After recording with Refuge and Sparrow records, he signed to Reunion in 1988, where his works began to take on a softer, more radio-friendly tone that included "sentimental ballads and pop-rock anthems in the style of Michael Bolton." Cua left Reunion in 1992 after just over a decade of radio airplay including six No. 1 Christian radio songs, creating his own label, UCA Records, on which he recorded three studio albums in the 1990s but received little radio play. He was nominated for a Dove Award and has received various other awards and recognition.

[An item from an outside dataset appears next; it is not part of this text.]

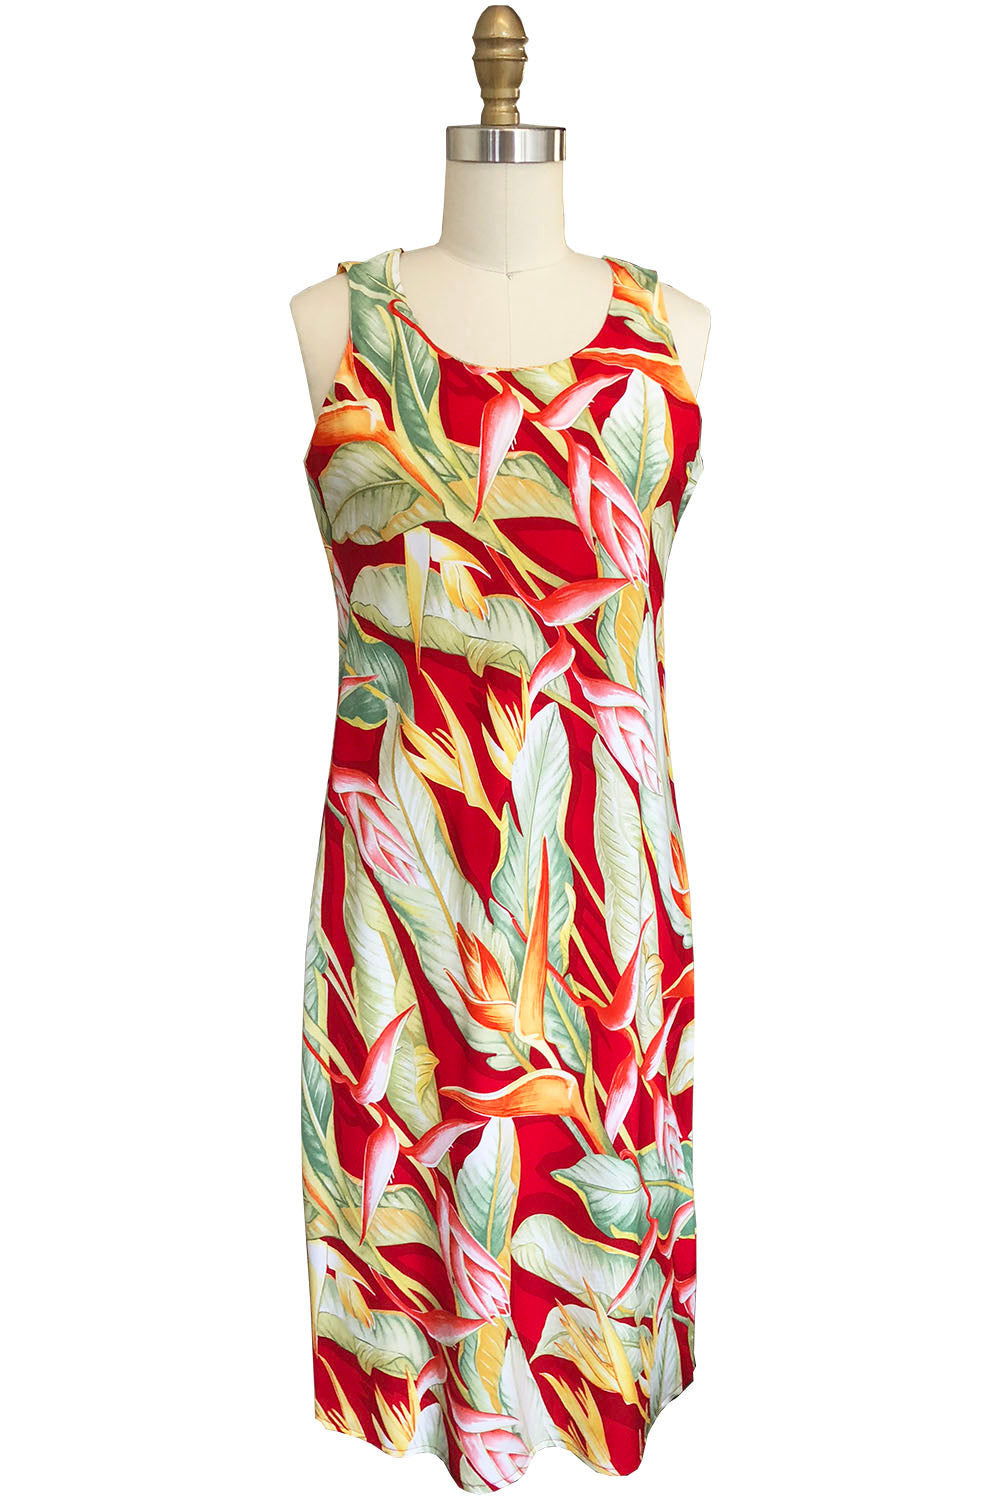 Heliconia Heaven Red Tank Dress
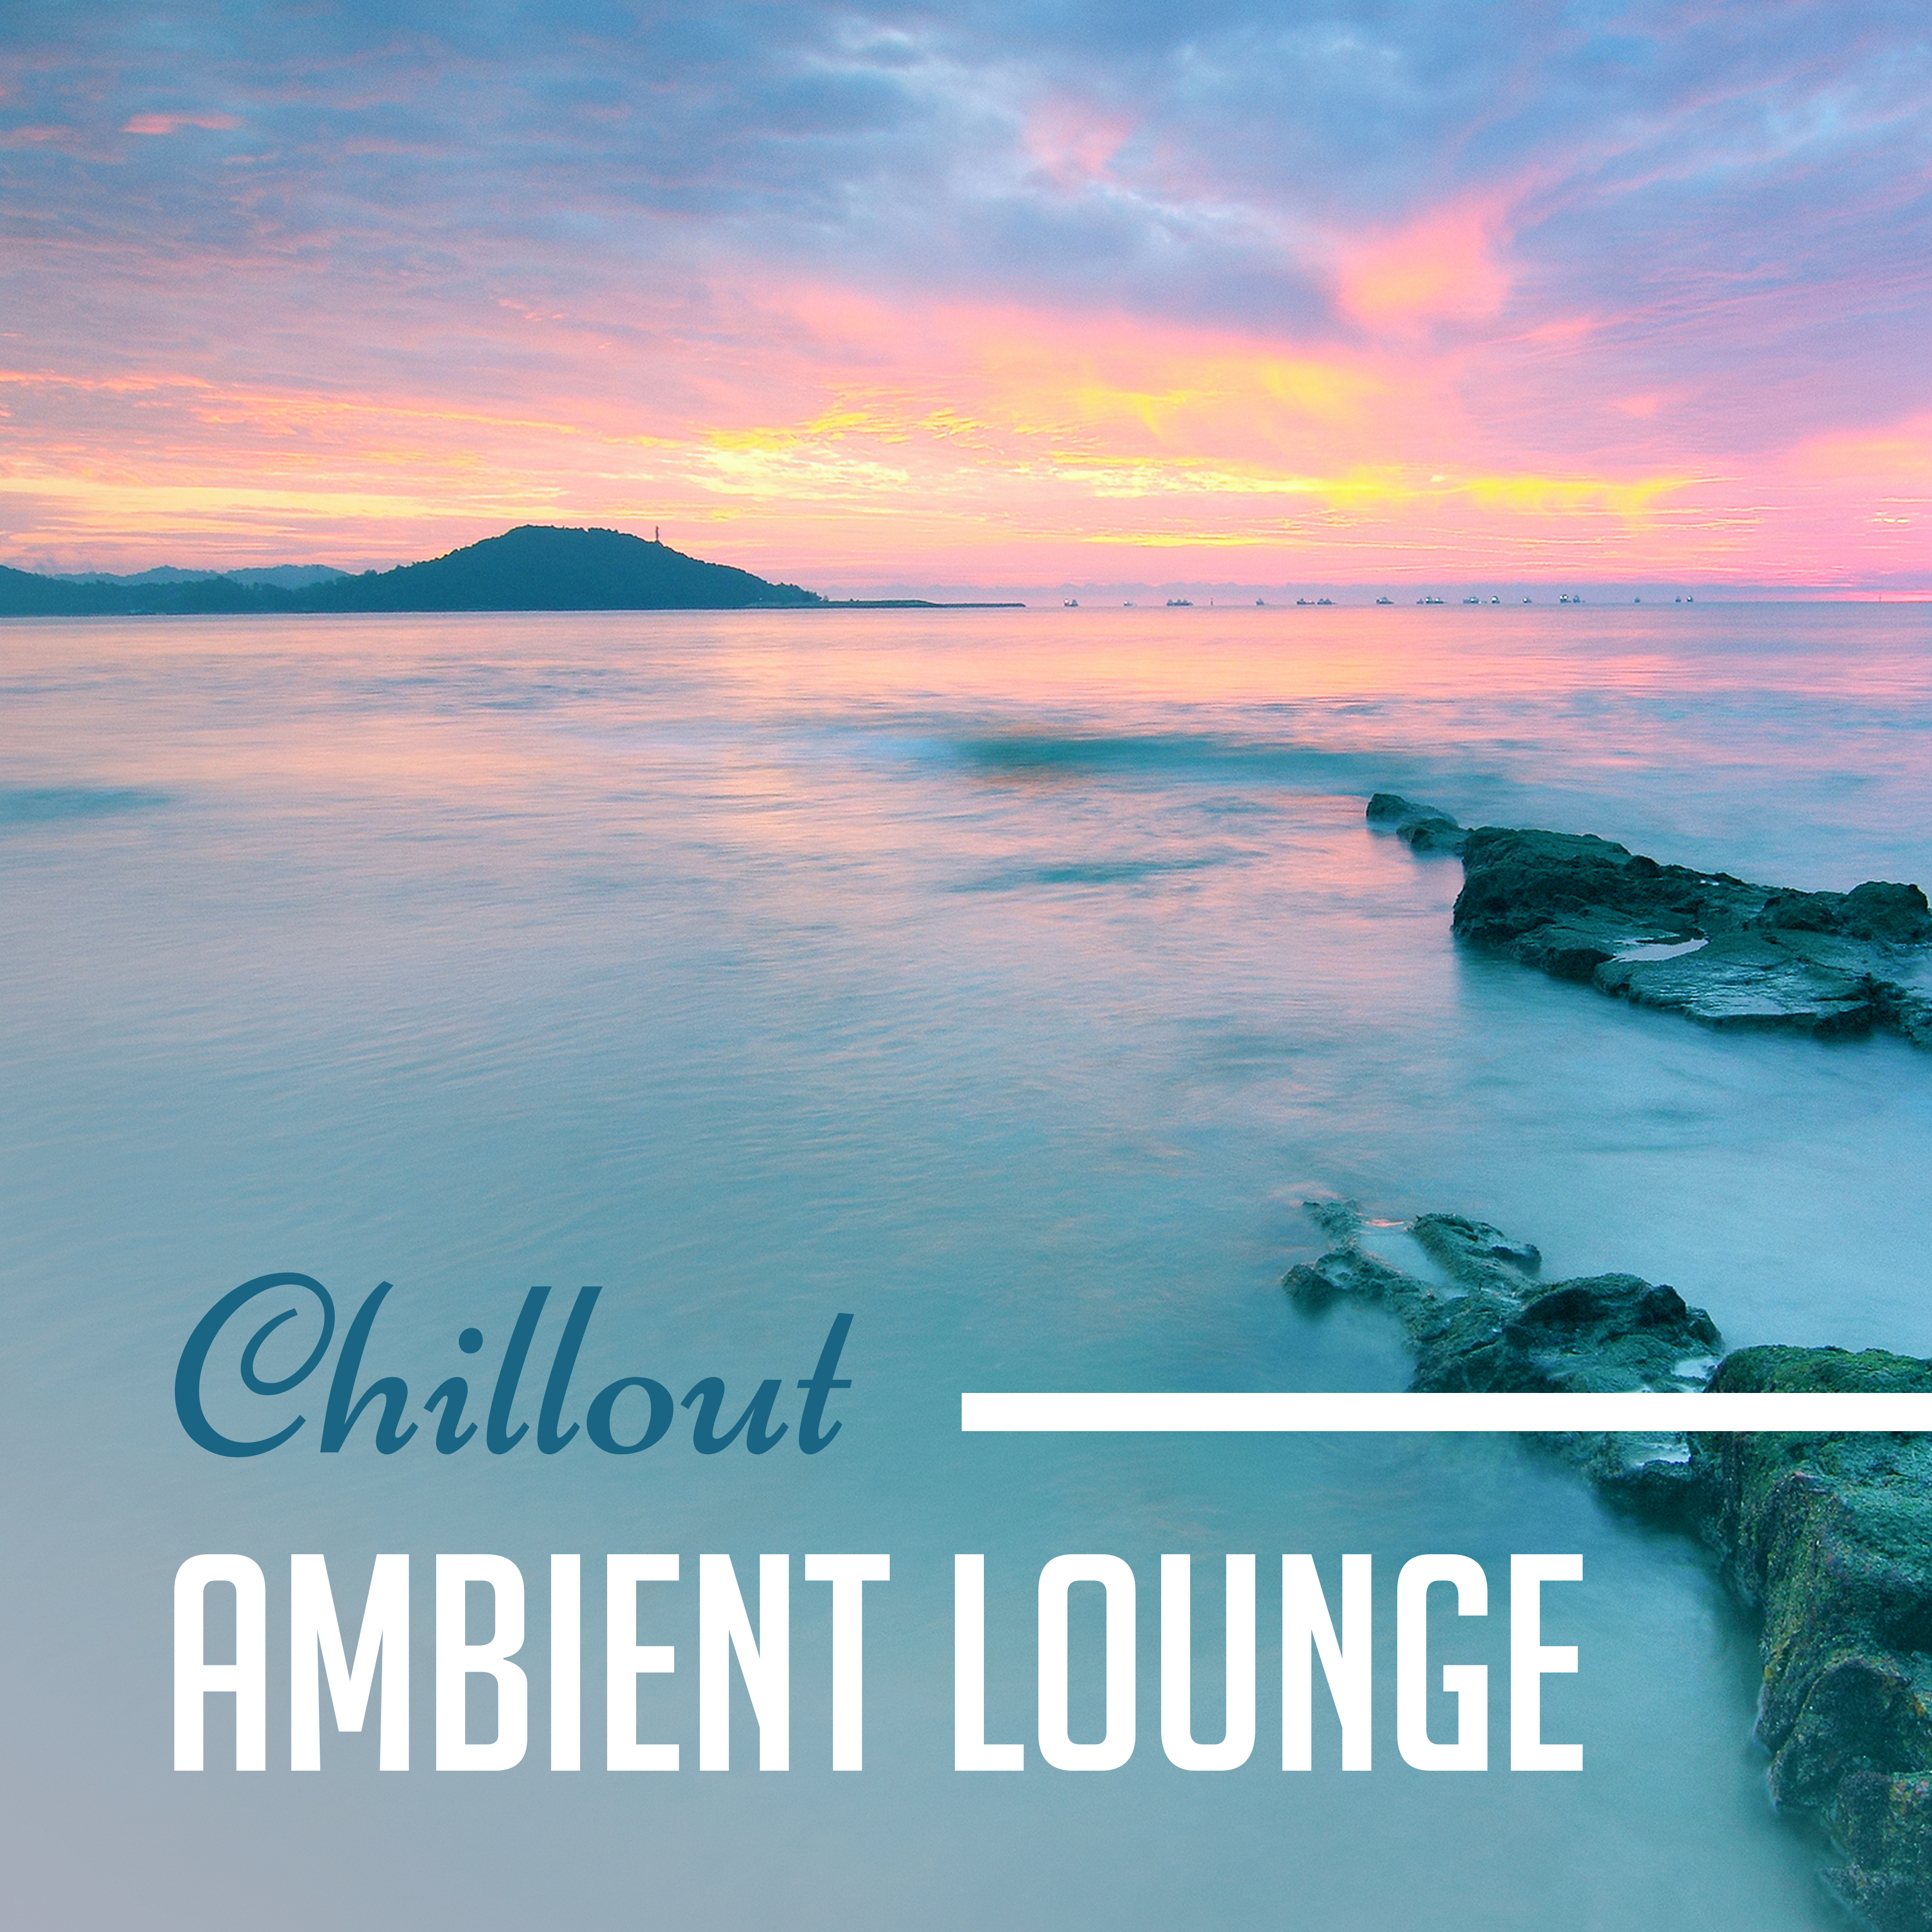 Chillout Ambient Lounge  - Electronic Music, New Chill Out Beats, Ambient Party Hits

Cua took a hiatus from recording in 1998 and went to work as vice president of the creative department at EMI Christian Music Publishing, where he stayed until 2003. He focused on managing his own two companies: Rick Cua Entertainment, which manages artists and works in music publishing, film and TV licensing; and All for the King Music, offering coaching and inspiration to lay musicians through workshops and free electronic delivery of original worship music.

Celebrating his 25th year in ministry, Cua released his twelfth album, Won't Fade Away, in 2007. It was his first album in ten years.

Cua's father, his veteran guitar teacher, Basilio "Buz" Cua, died on May 19, 2009, at the age of 90 in his home town of Syracuse, New York. Cua was unable to go to his father's funeral, due to successful prostate cancer surgery.